Error_insufficient_bjffer; error_invalid_flags;

Error_invalid_parameter; error_no_unicode_translation.

Note:
The pointer lpmultibytestr and lpwidecharstr must be different. If the same, the function will fail, and getlasterror will return the error_invalid_parameter value.

In addition, there are several interesting string processing functions:

1. gettextcharsetinfo

Function:
Returns the current font information in the specified device description table.

Function prototype

Int gettextcharsetinfo (
_ In HDC,
_ Out lpfontsignature lpsig,
_ In DWORD dwflags
);

Parameters


HDC
[In] handle of the device description table.

Lpsig
[Out] (optional. A pointer to a fontsignature data structure that receives the font signature information.

If a true type font is selected into the current do not describe table, the structure will receive font characters that can identify the encoding page and Unicode subrange.

If the font is not true type, the structure will receive 0. At this time, the application should use the translatecharsetinfo function to obtain the original font signature.

If the application does not need fontsignature information, you can set this parameter to null. In this case, the application can also call the gettextcharset function, and the call to this function and the call to the gettextcharset function is an effect.

Dwflags
[In] is retained. It must be 0.

Return Value


If the value is exceeded, a value is returned to identify the character set information of the font in the selected device description table. If the function fails, the return value is default_charset.

2. gettextcharset
Function:

This function obtains the character set of the currently selected device description table, which is equivalent to gettextcharsetinfo (HDC, null, 0 ).

Function prototype:
Int gettextcharset (HDC );

Return Value:
The character set identifier is returned. If the Character Set Identifier fails, the default_charset is returned.

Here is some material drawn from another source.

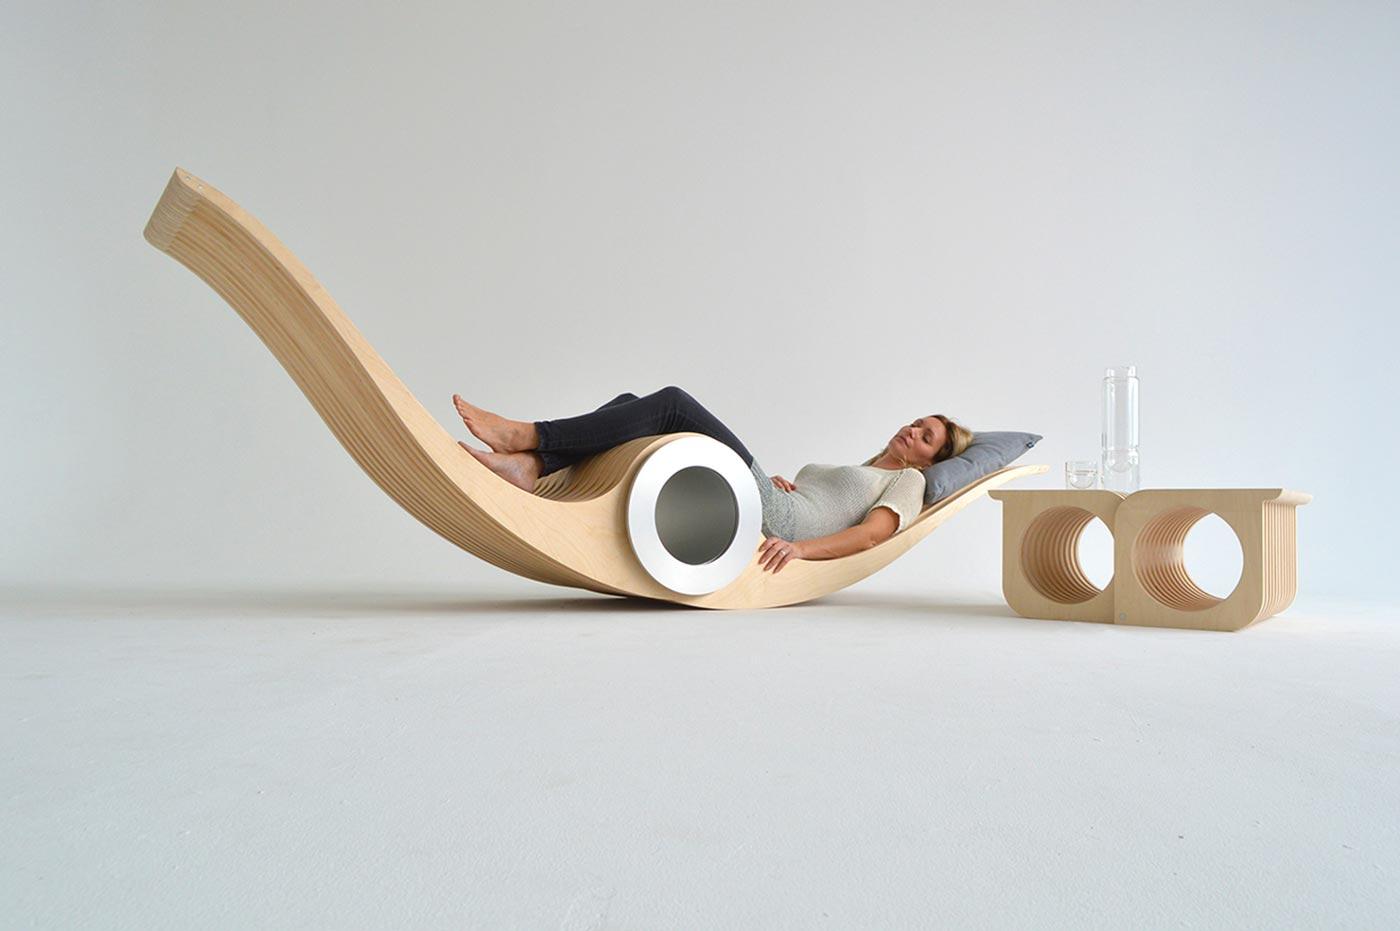 exocet-a-versatile-and-ergonomic-chair-by-designarium-11

3. bool isdbcsleadbyte (byte testchar );

This function uses the current windowsansi code page to determine whether the specified byte is a potential dubyte (DBCS) Pilot byte. If other code pages are used, use

Isdbcsleadbyteex function.

4. bool isdbcsleadbyteex (uint codePage, byte testchar );

This function determines whether the specified byte is a potential dubyte (DBCS) Pilot byte.
The available codePage values include cp_acp, cp_maccp, cp_oemcp, and cp_thread_acp.

5.
Bool istextunicode (const void * pbuffer, int CB, lpint LPI );

This function determines whether a specified buffer may contain Unicode text in a certain format. This function is not accurate, so it may return incorrect results. Notepad is used

So sometimes garbled characters occur. Therefore, use this function with caution.

Three other functions not recommended for Windows: nlsdllcodepagetranslation, unicodetobytes, and bytestounicode.

Among them, we focus on the multibytetowidechar and widechartomultibyte functions. The usage of these two functions is as follows,

Follow the story in the next episode to make your program more suitable-use ANSI and Unicode to export functions


For the same series of articles, see:

Multi-character set (ANSI) and Unicode and string processing method guidelines


 


Make your program more suitable-use ANSI and Unicode export functions
"




Contact Us

The content source of this page is from Internet, which doesn't represent Alibaba Cloud's opinion; products and services mentioned on that page don't have any relationship with Alibaba Cloud. If the content of the page makes you feel confusing, please write us an email, we will handle the problem within 5 days after receiving your email.

If you find any instances of plagiarism from the community, please send an email to: info-contact@alibabacloud.com and provide relevant evidence. A staff member will contact you within 5 working days.

A Free Trial That Lets You Build Big!

Start building with 50+ products and up to 12 months usage for Elastic Compute Service

  • Sales Support

    1 on 1 presale consultation

  • After-Sales Support

    24/7 Technical Support 6 Free Tickets per Quarter Faster Response

  • Alibaba Cloud offers highly flexible support services tailored to meet your exact needs.